Johns Hopkins Gazette: July 11, 1994


Work will begin this summer to complete a high-speed data
transmission network on the Homewood campus and link it to a
significantly upgraded information system at Eisenhower
    The project, supported by a $1.9 million grant from The
Pew Charitable Trusts, will make the library's resources--
increasingly available in electronic form--more widely
accessible to faculty and students, said Theodore O. Poehler,
vice provost for research.
    It will also make possible any number of other research
and teaching applications, such as interactive databases,
multimedia instruction and other uses not yet anticipated,
Dr.
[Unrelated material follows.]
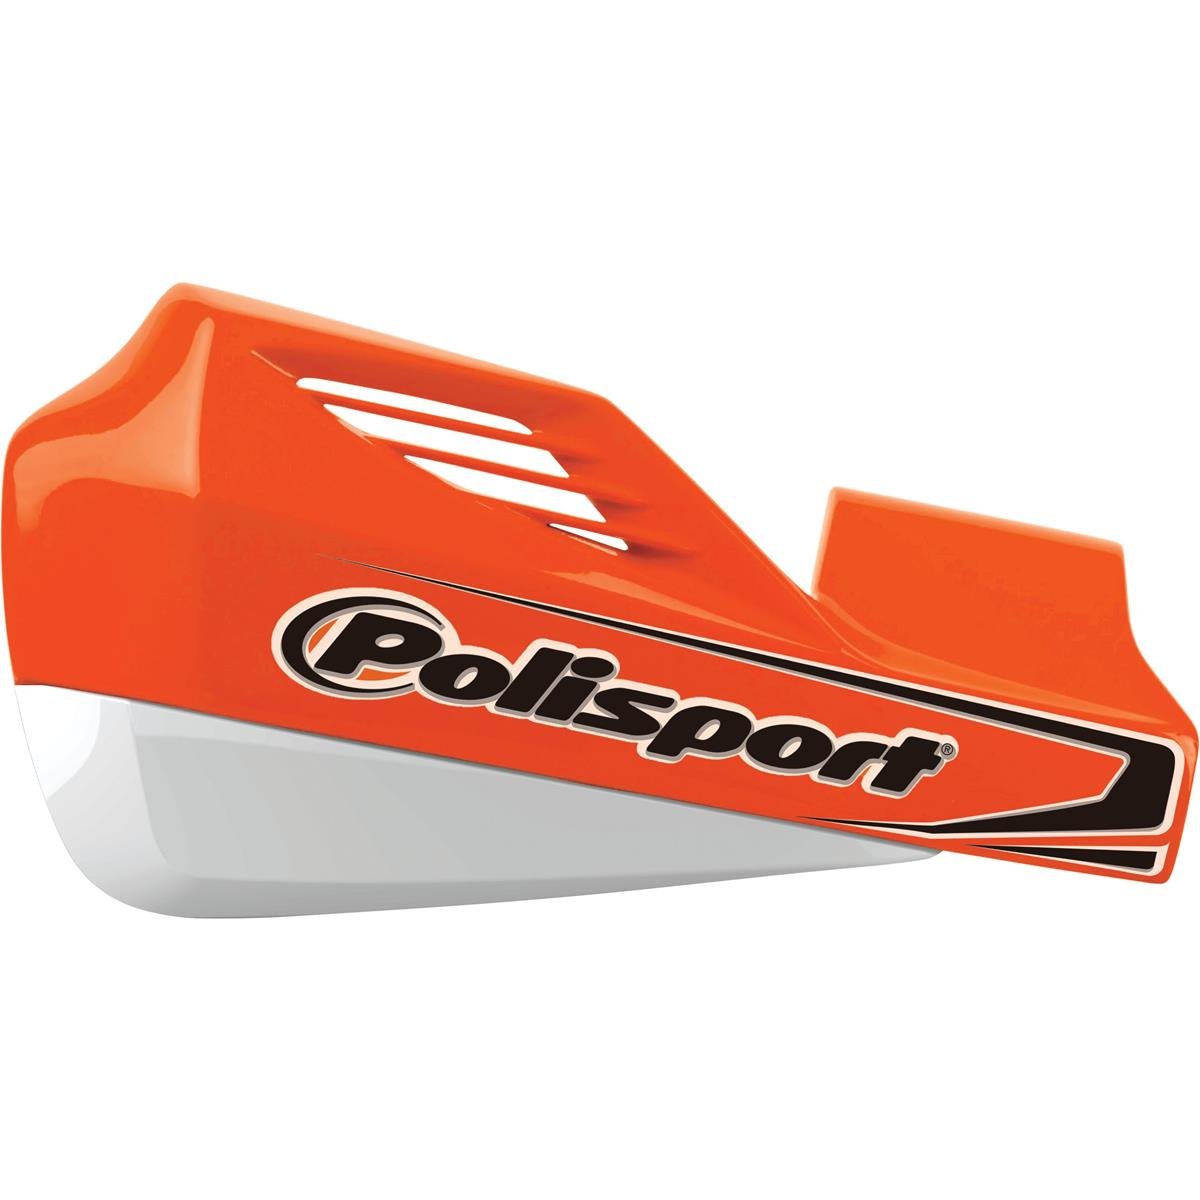 Polisport Handguards MX Rocks Universal with Plastic Mounting Kit, Orange/White

Poehler said.
    "It will give us a fairly high capacity network all over
this campus, more or less going to every desktop or lab bench
and putting fiber optic lines to every building," Dr. Poehler
    Library director Scott Bennett said the project also
will remake Eisenhower Library's information system. Within
the library building, a changeover from terminals to PCs will
allow readers to find and use information in ways that are
just not possible with existing equipment, Dr. Bennett said.
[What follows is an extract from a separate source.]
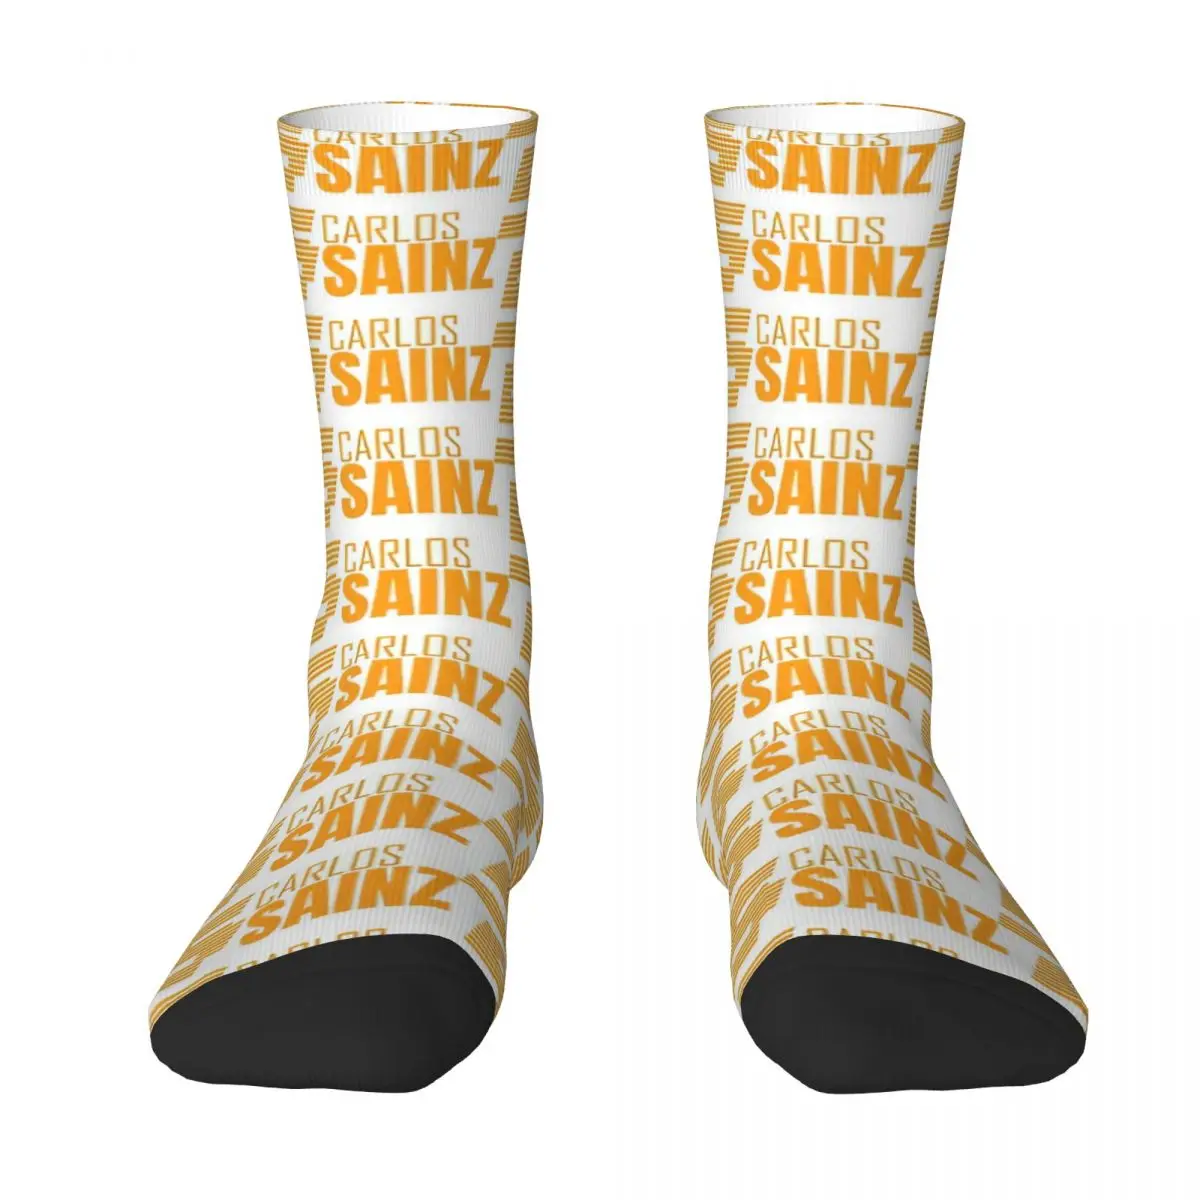 Carlos Sainz 55 Adult Socks Unisex socks,men Socks women Socks

The library also will switch to software that will provide a
new, more easily used graphical interface and support more
robust network connections with readers everywhere.
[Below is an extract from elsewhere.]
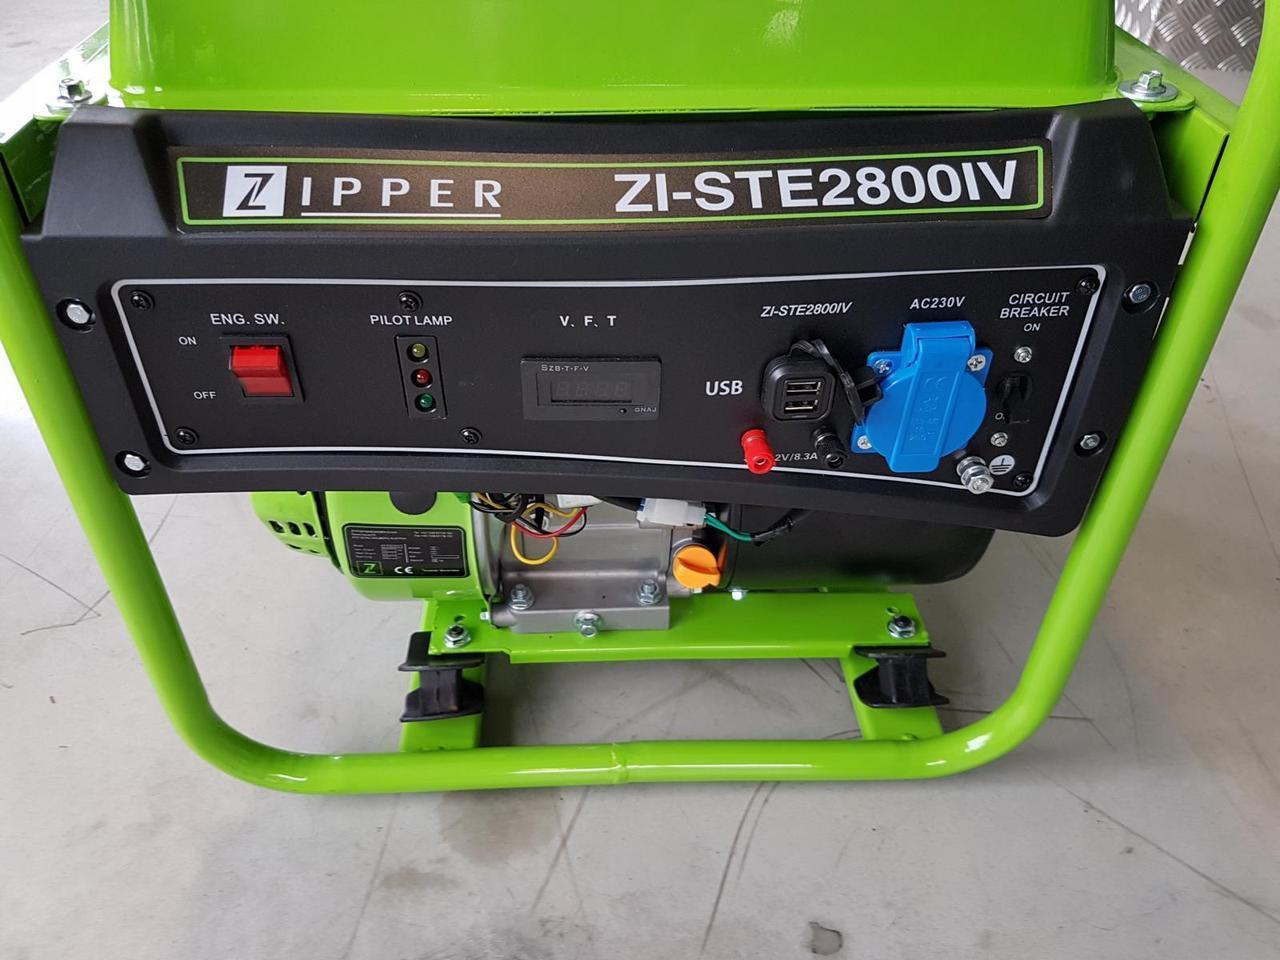 продаём Zipper ZI-STE2800IV в Украине - фото 4

    "Our first objective is to increase utility for
readers," Dr. Bennett said. "Our second is to improve our own
productivity [in areas such as cataloging, and the third is
to reduce costs."
    The campus networking portion of the project is expected
to be substantially finished in about a year, Dr. Poehler
said. Eisenhower Library staff are now studying alternatives
for new software and hardware, and it is not yet clear when
they will be selected and installed, Dr. Bennett said. But,
he said, users will begin to see significant improvements in
access to an array of information resources as personal
computers replace terminals on A- through D-levels this fall.
    About half of major Homewood campus buildings currently
have no connections to the fiber optic network; most
buildings that are hooked up have insufficient connections
within the building to accommodate all the needs of faculty,
staff and students.
    Under a plan drafted by Homewood Academic Computing, Dr.
Poehler said, new wiring will be provided for an estimated
3,600 of the 5,600 labs, offices or student stations on the
campus. Interbuilding connections to 12 buildings will be
upgraded from the current maximum capacity of 10 megabits per
second to 100 or more megabits per second.
    The plan will be reviewed soon by the interdivisional
Information Systems Coordinating Council, Dr. Poehler said.